PROVIDED DATA
== Segment start ==

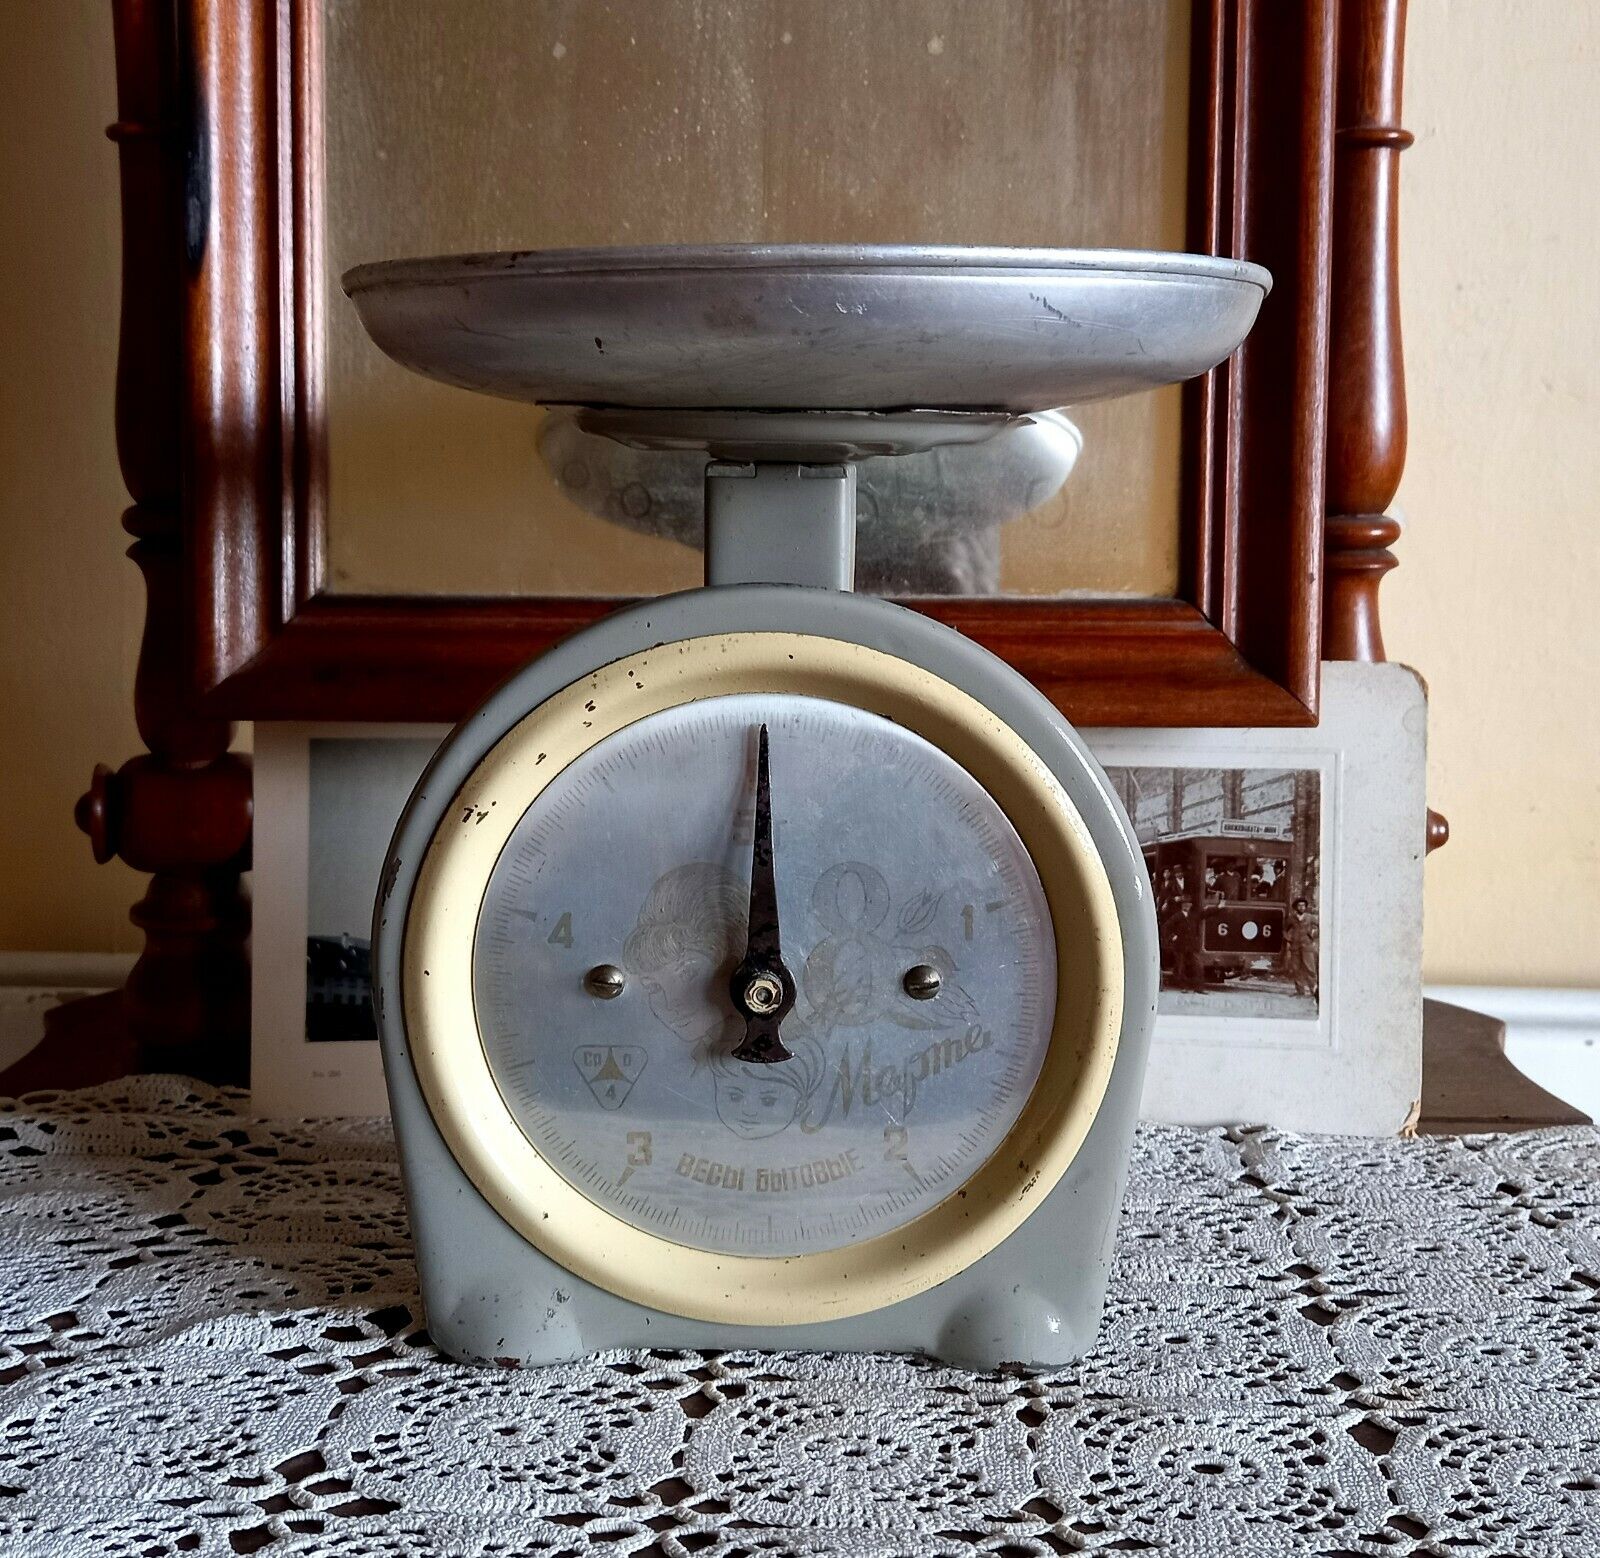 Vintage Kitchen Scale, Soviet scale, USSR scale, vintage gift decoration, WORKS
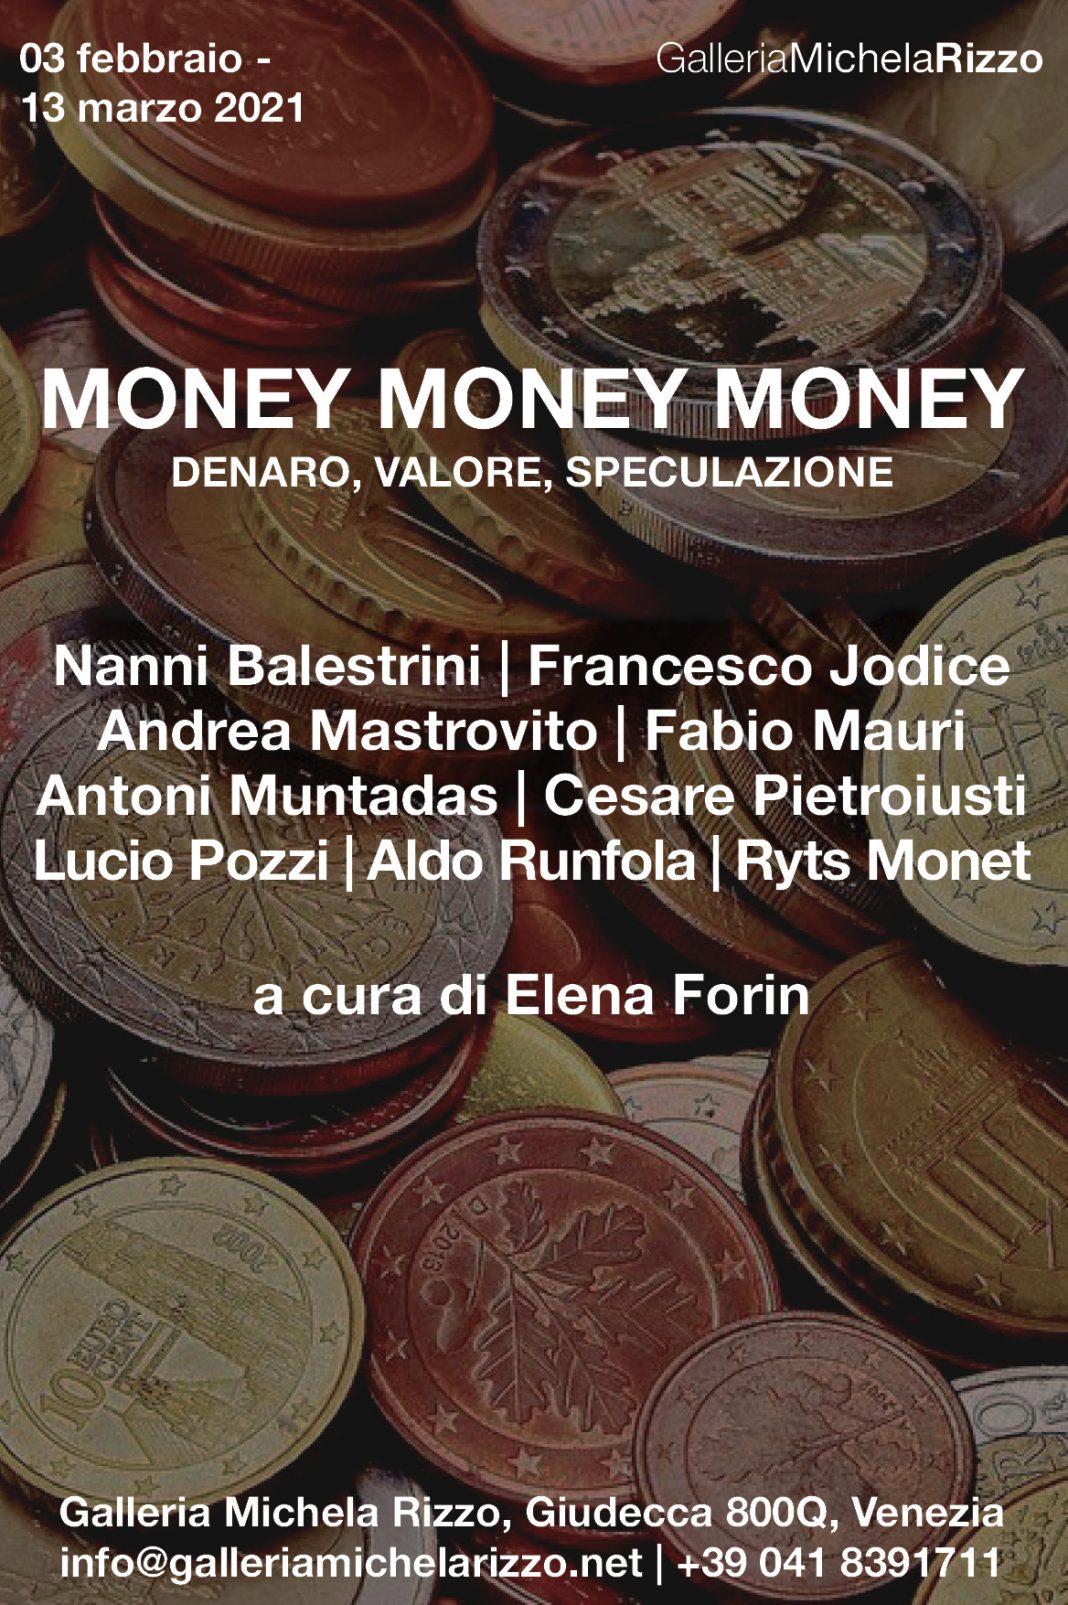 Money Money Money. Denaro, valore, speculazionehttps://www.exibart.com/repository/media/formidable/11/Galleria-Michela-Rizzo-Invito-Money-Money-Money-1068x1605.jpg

== Segment end ==
== Segment start ==

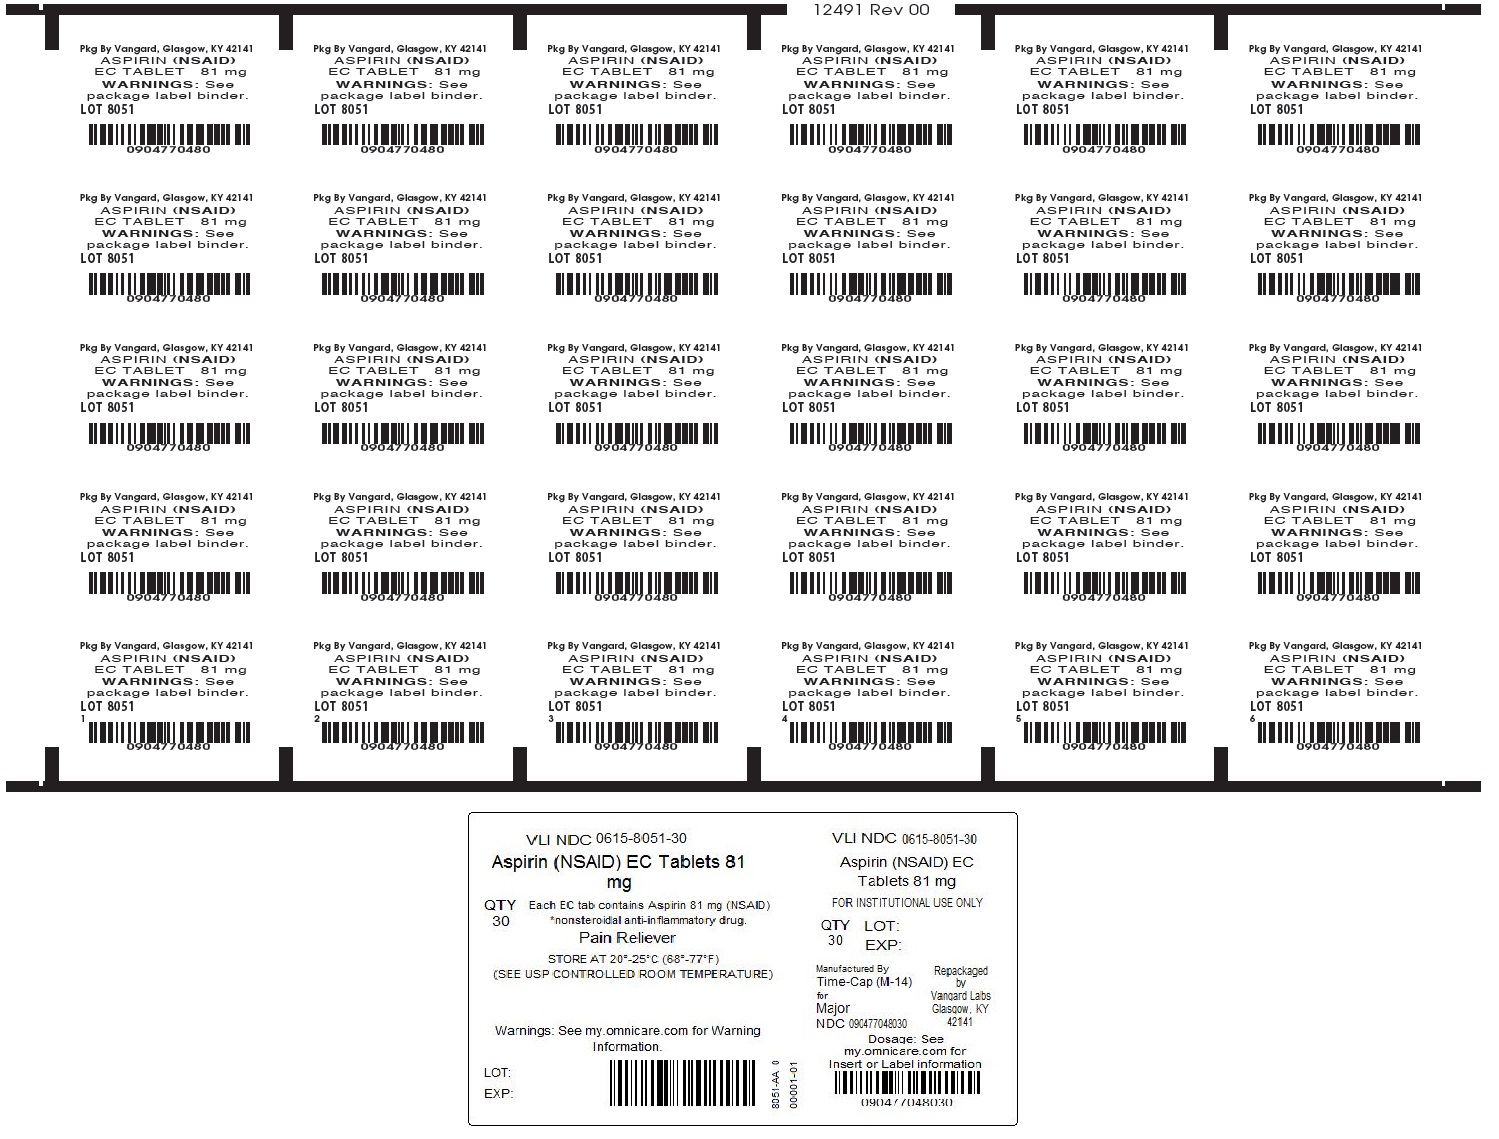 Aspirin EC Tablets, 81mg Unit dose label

== Segment end ==

TASK DESCRIPTION
Return only the stretch above from the line containing "Vintage Kitchen Scale, Soviet" through the line containing "Money Money Money.", word for word and without pictures.

REPLY TO THE EXERCISE
 Vintage Kitchen Scale, Soviet scale, USSR scale, vintage gift decoration, WORKS
 Money Money Money. Denaro, valore, speculazionehttps://www.exibart.com/repository/media/formidable/11/Galleria-Michela-Rizzo-Invito-Money-Money-Money-1068x1605.jpg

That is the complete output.